Si tu as un iMac, pourquoi n'utilises-tu pas le clavier numérique à droite de ton clavier


----------



## natho (23 Septembre 2010)

merci !! je ne l'avais pas trouvé pourtant j'avais été là mais "français" étant en haut ,je pensais que "français numérique" serait à ses côtés, mais non ,il était bien en dessous entre le finnois et le français canadien :rateau: mais bref super merci, mon index gauche va être libéré de ses crampes :love:

et tu penses bien que si j'avais un clavier numérique je m'en serais servi, sur imac le clavier de "base" n'a pas ça ,même avec l'imac 27 pouces d'ailleurs ,franchement,avec le 27 pouces ils auraient pu mettre le clavier plus long à pavé numérique hein quand même


----------



## herszk (23 Septembre 2010)

boddy a dit:


> Bonjour et bienvenue,
> 
> Préférences système / Langue et texte / Méthodes de saisie : choisir français numérique.
> 
> Si tu as un iMac, pourquoi n'utilises-tu pas le clavier numérique à droite de ton clavier



Je préfère rester en méthode de saisie : français 
et Préférences système / Accès universel / Clavier /Touches à auto-maintien : oui

Si tu appuies 2 fois sur la touche shift, les touches du haut sont verrouillées en numérique, une autre pression sur shift déverrouille le tout.
Tout ceci n'a d'intérêt, bien sûr, que pour les claviers sans pavé numérique.

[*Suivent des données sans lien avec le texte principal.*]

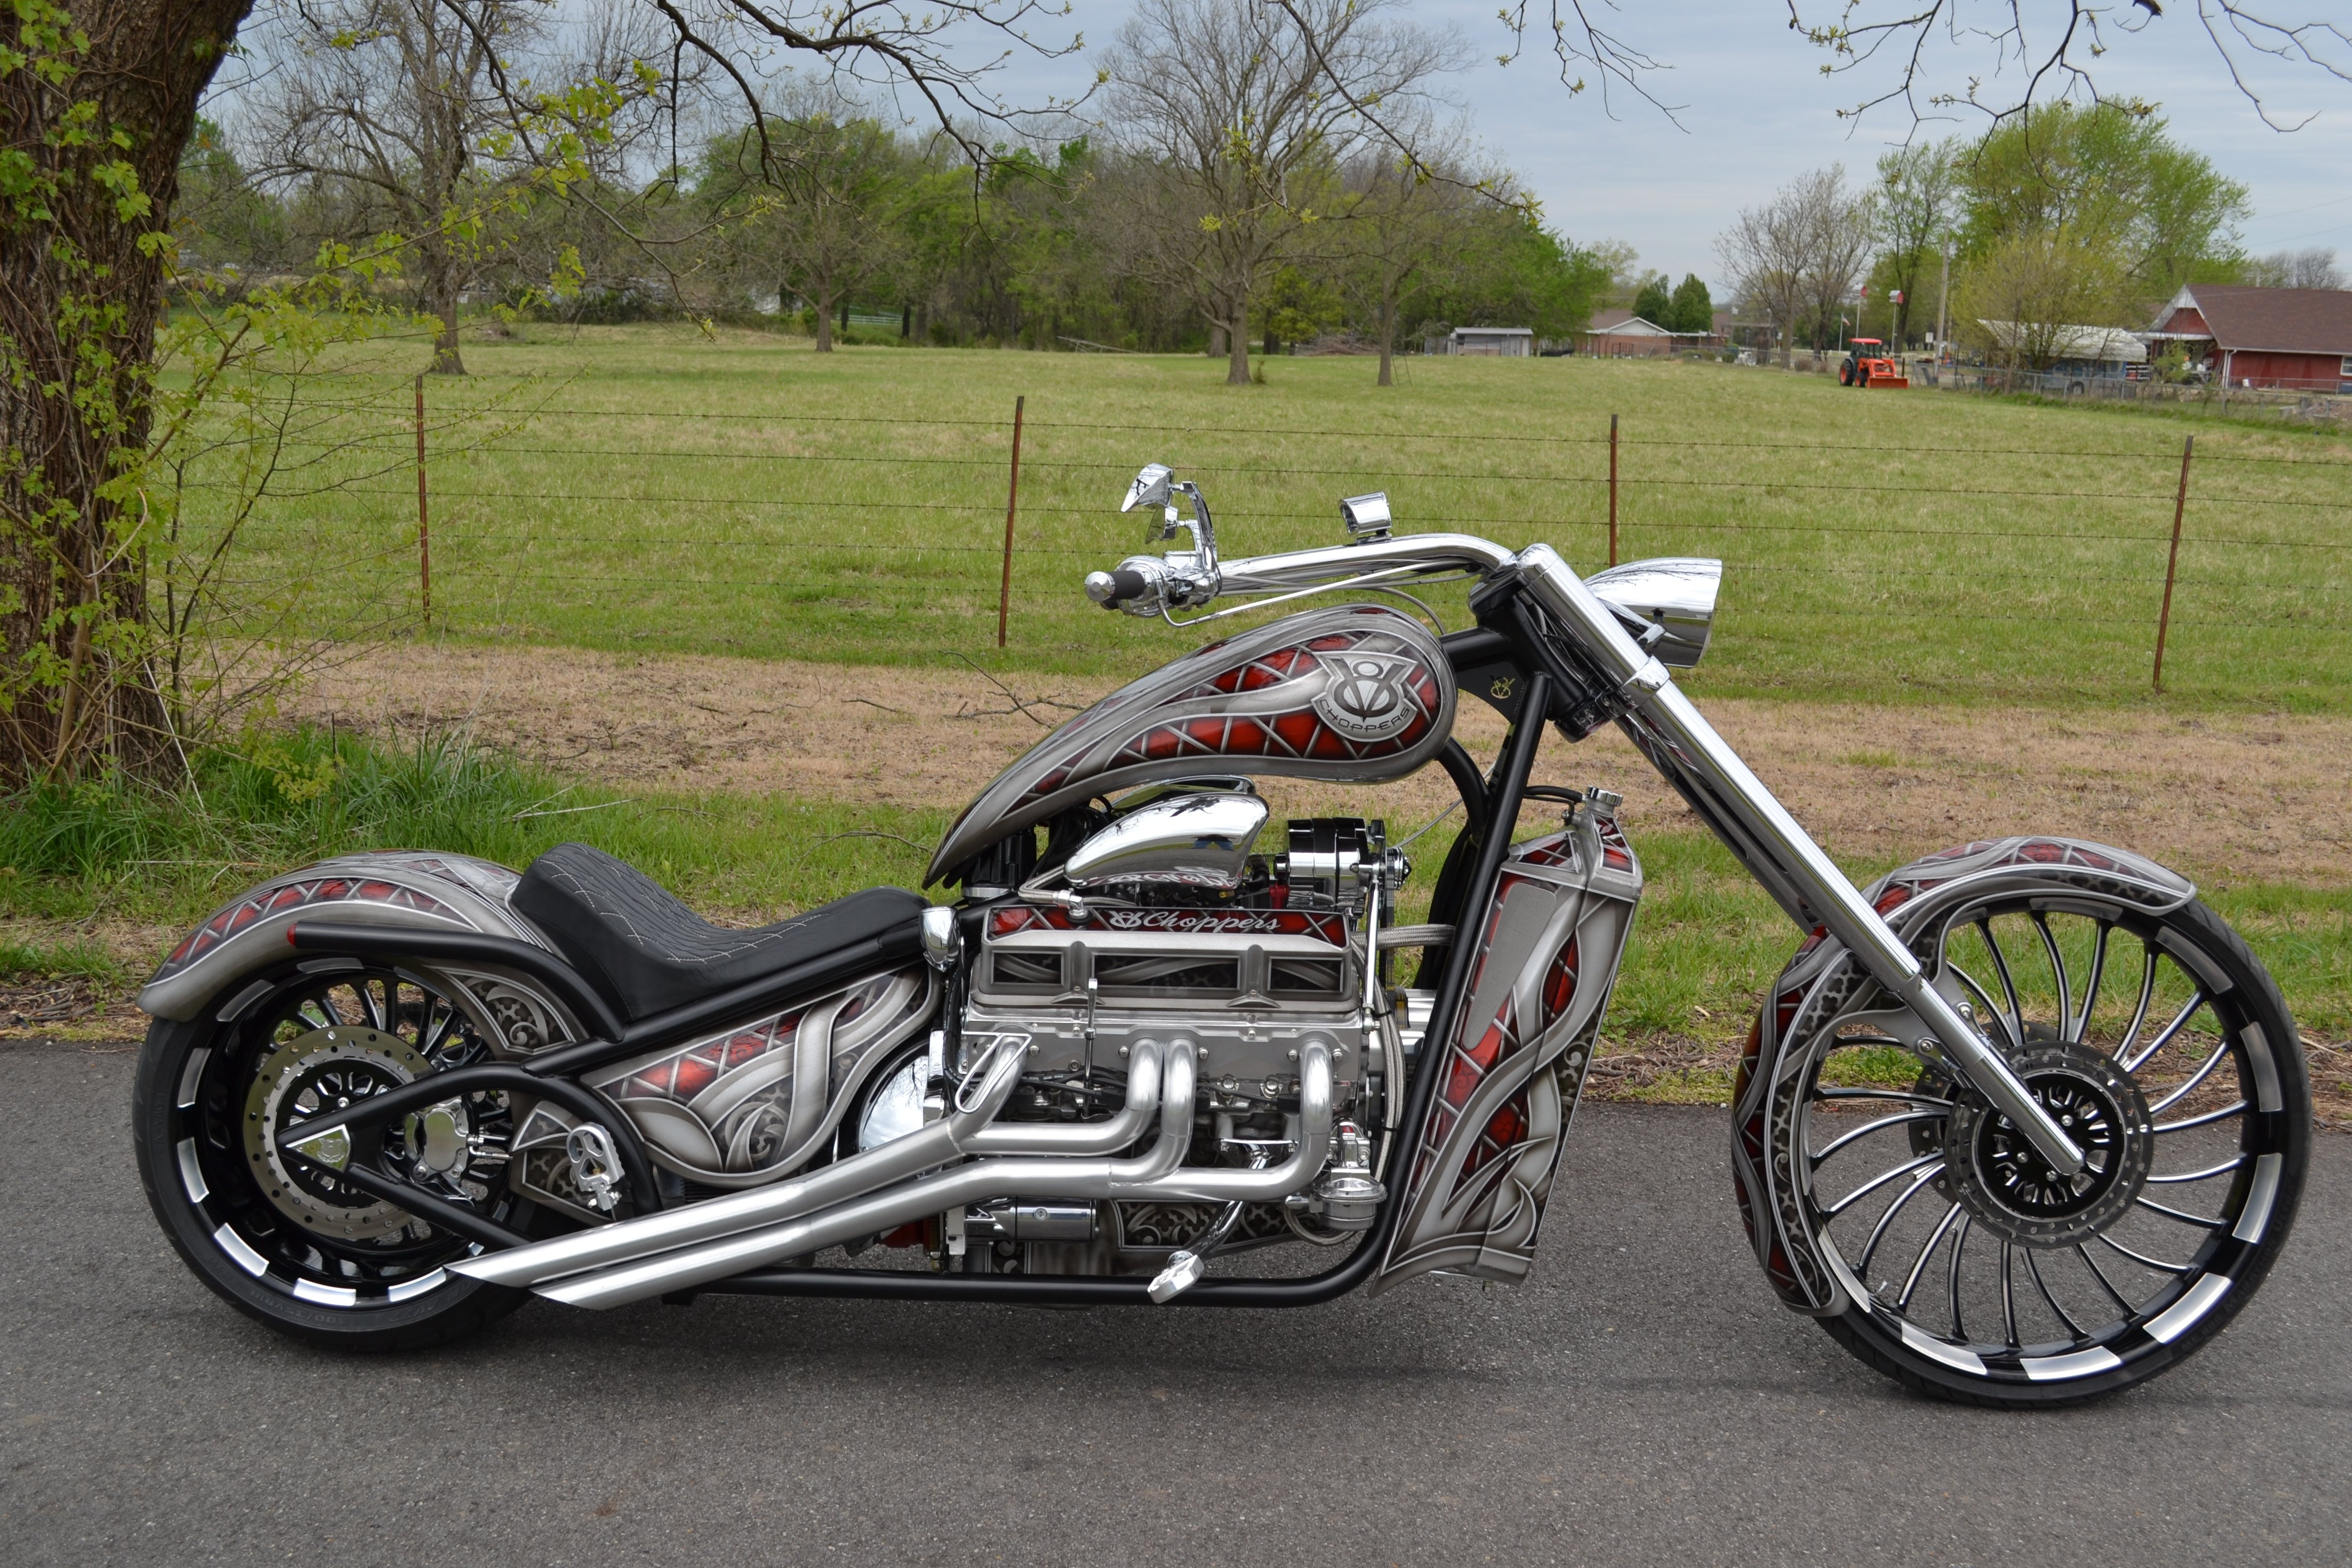 Hot Rod And Motorcycle

---------- Nouveau message ajouté à 15h26 ---------- Le message précédent a été envoyé à 15h17 ----------




natho a dit:


> même avec l'imac 27 pouces d'ailleurs ,franchement,avec le 27 pouces ils auraient pu mettre le clavier plus long à pavé numérique hein quand même



Dans les apple store, au moment de l'achat de ton imac 27 , tu pouvais choisir le clavier que tu désirais.


----------



## natho (24 Septembre 2010)

> Dans les apple store, au moment de l'achat de ton imac 27 , tu pouvais choisir le clavier que tu désirais.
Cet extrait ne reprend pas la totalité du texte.